The dark blue one in the middle need identification


----------



## cichlidaholic (Dec 7, 2005)

S. fryeri, I believe. It would be nice to see a full profile shot of him!

Kim


----------



## Joea (May 25, 2004)

Looks like a _Sc. fryeri_/Aulonocara cross.

I agree a better picture is necessary.


----------



## lovemycichlids805 (Apr 11, 2008)

HOw do you post a picture? I need help!


----------



## Joea (May 25, 2004)

To post a photo...

1. Sign up for a free account with

www.photobucket.com

2. Upload the pictures from your PC to that online site. Pictures will be stored on their server and then accessible anywhere on the WWW.

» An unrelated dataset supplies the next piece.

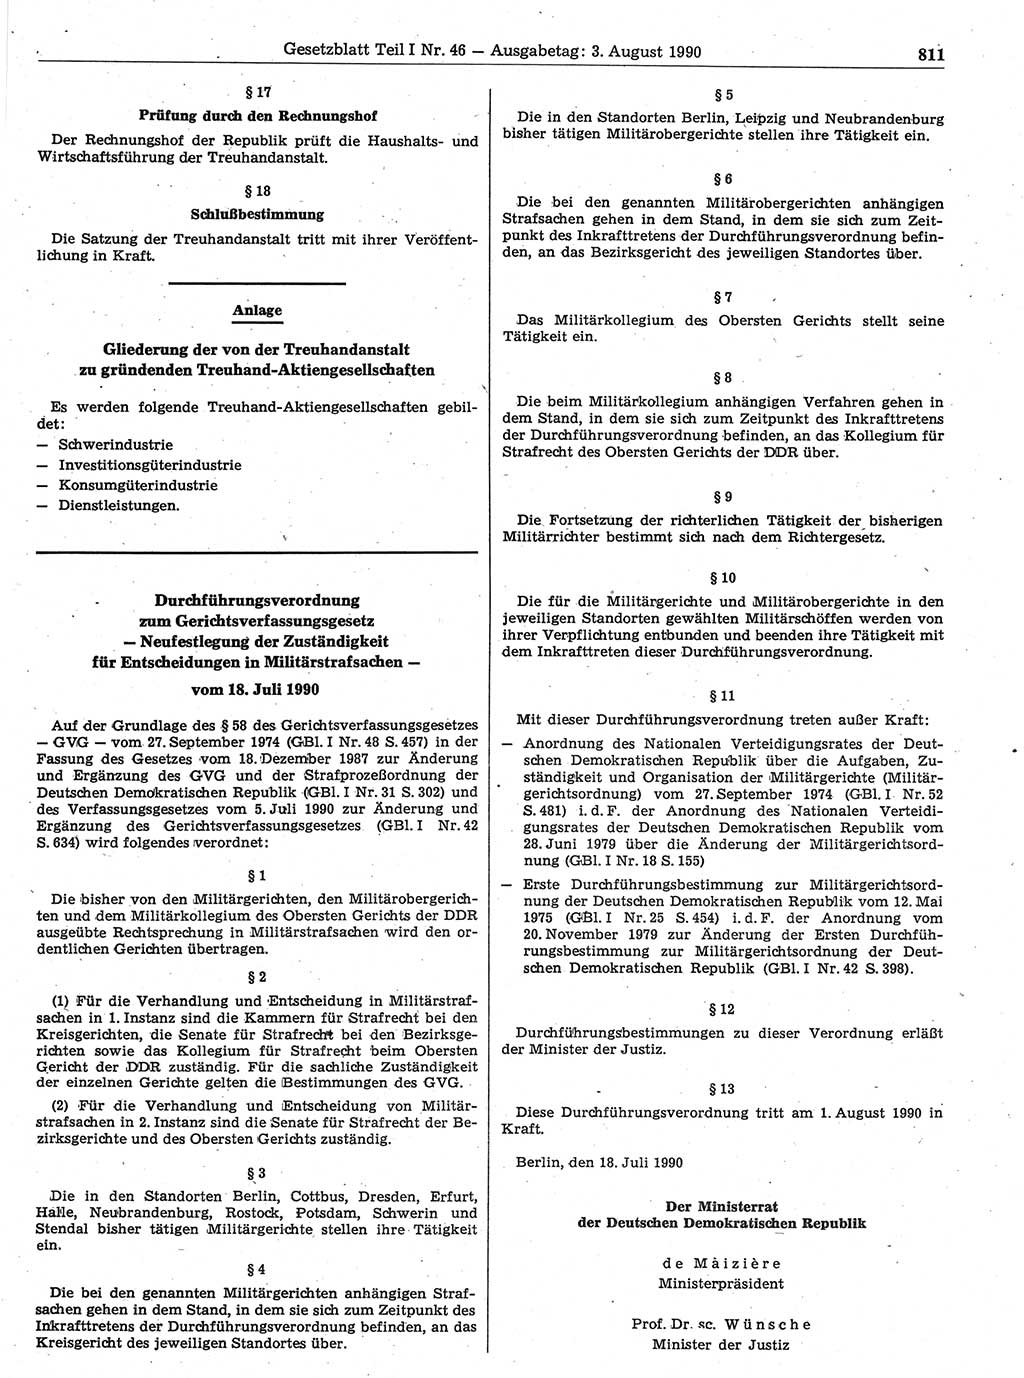 Gesetzblatt (GBl.) der Deutschen Demokratischen Republik (DDR) Teil Ⅰ 1990, Seite 811 (GBl. DDR Ⅰ 1990, S. 811)

3. After the upload is complete, simply click on the box labeled "IMG Code" under the photo you want to show. It will automatically copy the URL. Then just paste it in the reply box (CTRL+V).

4. THEN, before you SUBMIT your post, be sure to PREVIEW it first. You should see the image. If not, double check your code.


----------



## DeViANtX (Jun 19, 2007)

my lfs sold it as ahli. Thanks guys


----------



## a7oneal (Dec 30, 2004)

That's what they're commonly sold as, even though they are fryeri.


----------



## cichlidaholic (Dec 7, 2005)

It's also common for them to be crosses between peacocks and fryeri, so if you could try to post a better pic where we can see the whole fish, it would be helpful.

Looks like he's a very nice looking one, regardless, but for breeding purposes, you want to find out what he is for sure!

Kim


----------